Avatar

Avatar ★★★½

James Cameron's allegorical storytelling is far too obvious, his characters are wafer thin, and his dialogue is not good and sometimes downright terrible. So how is it that this mad Canadian wizard still manages to hook me every time, even when I think the design of his aliens and their world is pastel, black-lit crap?

"Avatar" borrows from American history, "Dances with Wolves", "Ferngully" and countless other sources...and yet it's still effective. Sam Worthington is a blank slate the center of this film. He's not terrible, exactly, but there's a reason his career hasn't taken off after this movie. Stephen Lang's delivery of every single line of overcooked dialogue is completely tone deaf as the villain of the piece, Col. Quaritch, and Giovanni Ribisi doesn't fare much better as the stooge there to represent the evils of modern corporations. As I said, most of these characters are lucky to have a single dimension, let alone three. And yet, as heavily flawed and derivative as it is, as bad as much of the dialogue is, James Cameron has a knack for grabbing our emotions and holding them that most modern blockbuster filmmakers seem entirely to lack. He's very old fashioned in his storytelling, which means he knows how to structure a story and knows what moments to include in order to goose a tale's maximum impact. And he's very cutting edge in terms of the tools he uses to tell such a story. This marriage of solid, old-school storytelling chops and next level technical wizardry is what makes him successful. Niceties such as good dialogue and well-developed characters have rarely been his strength and yet, time and time again, that seems almost beside the point when watching a Cameron film.
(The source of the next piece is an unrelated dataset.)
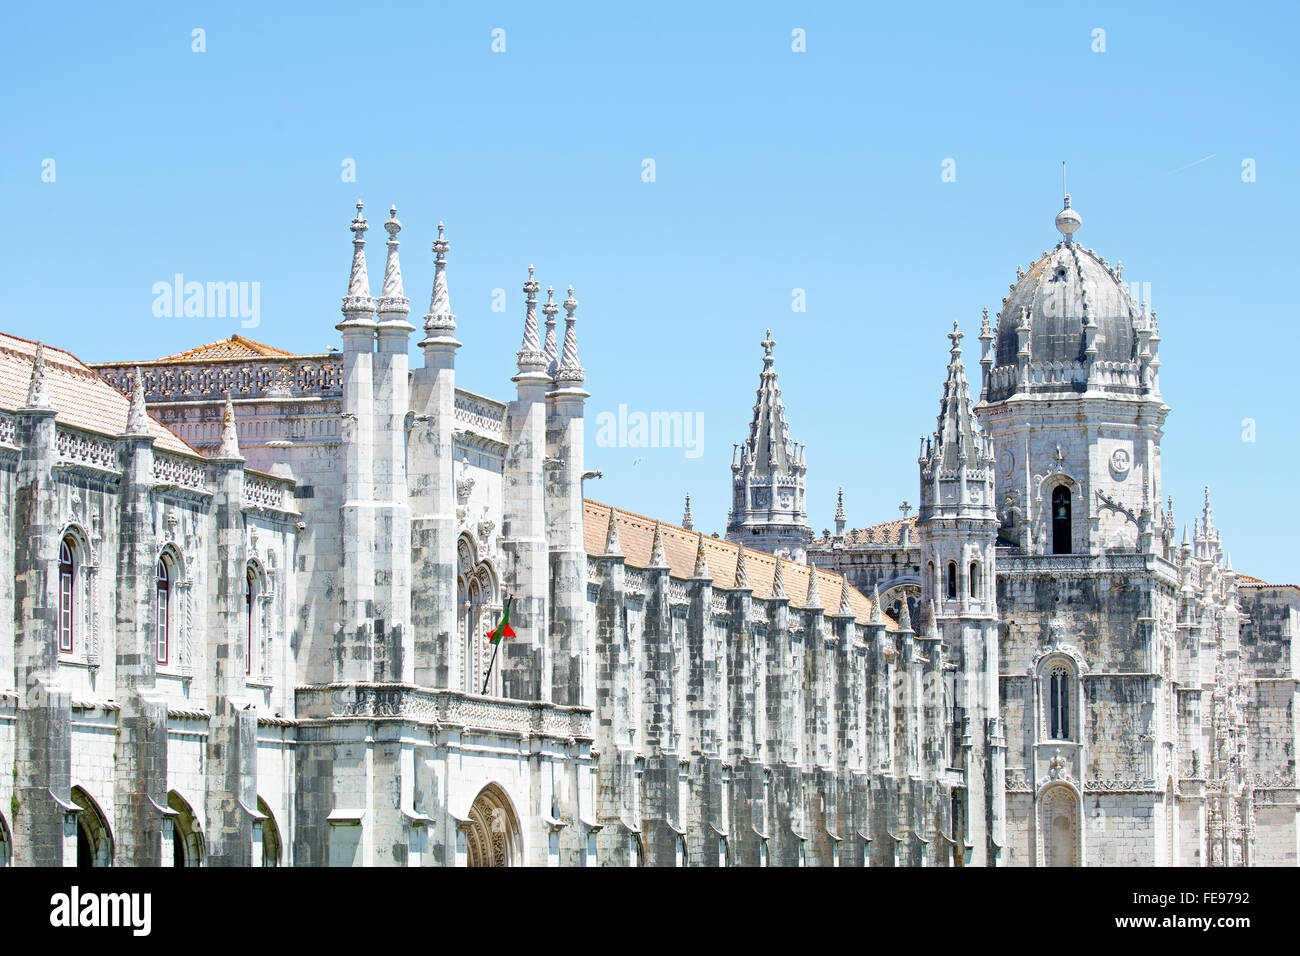 El Monasterio de San Jeronimos, es uno de los monumentos más famosos de Portugal, construido en el estilo manuelino. Foto de stock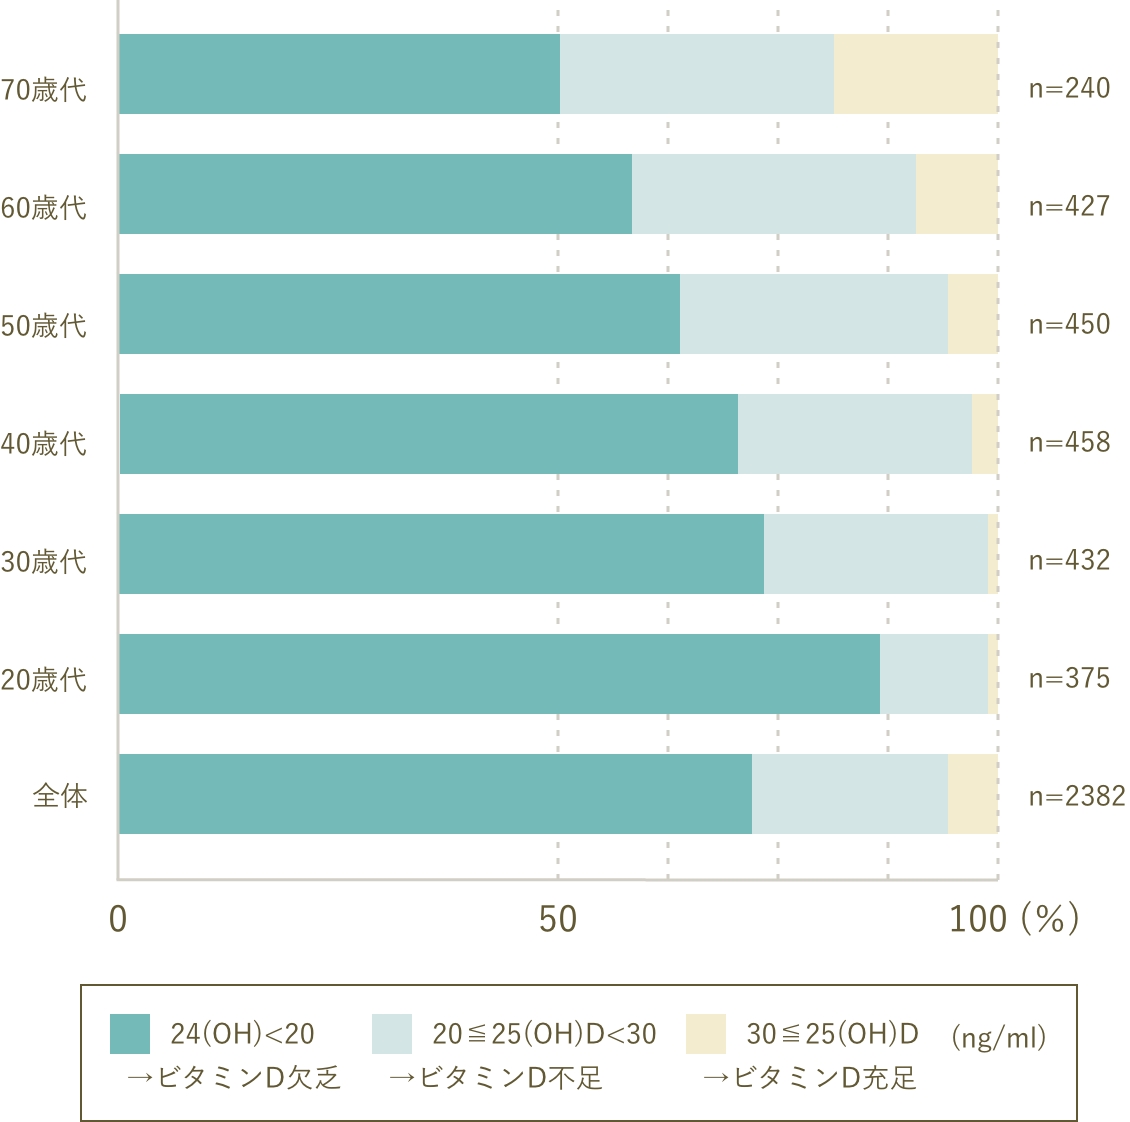 日本人女性の年代別血中ビタミンD濃度分布のグラフ画像

Not only that, but he seems sincere about the ideas that drive "Avatar", things like respecting nature and other cultures and striving for peace rather than war. He seems almost to have taken a page out of the Hayao Miyazaki playbook here (though I certainly wish he would crib a few more pages for good measure) by emphasizing such concerns. Using these ideas as the backbone of a big, corporate-funded blockbuster filled with explosions and spectacle would be offensive if you didn't get the sense that James Cameron actually cares about these things, that he's passionate about these ideas and can only express them in this silly special effects extravaganza filled with giant blue-skinned cat people. That passion, surprisingly, comes through in every frame of this film. It elevates this material every step of the way. Not only that, but the movie looks absolutely gorgeous. The blue people looked dumb to me in the trailers, but they and their environments work perfectly in the finished product, looking nearly photo-realistic most of the time.

Part of me wants to hate this movie, has good reason to, but I can't. An equal part of me wants to rave about this film and say how powerful it is, but I can't quite do that either. Though, as I mentioned, it is very sincere for a blockbuster and one must admire the subversiveness of its making humans the bad guys, rubbing our American noses in our shameful history and getting us to root against what are essentially avatars (sorry) of our own forefathers. Plenty of classic films have flaws (for a prime example, look no further than John Ford's "The Searchers"), sometimes quite glaring ones, but if the stuff that works works well enough, those flaws cease to matter. "Avatar" isn't a classic, but the things that work do work well enough to smooth over whatever Lang and Worthington are doing and lines about how the indigenous population of the planet wants to "kill you and eat your eyes for jujubes" (ugh). The action is genuinely rousing and the performances that do work (Zoe Saldana is fantastic here and Michelle Rodriguez and Sigourney Weaver are impressive) work very, very well.

It's got problems, sure, but unlike other blockbuster entertainment like the "Transformers" series or "Twilight", it has enough meat to it that you can't dismiss it entirely.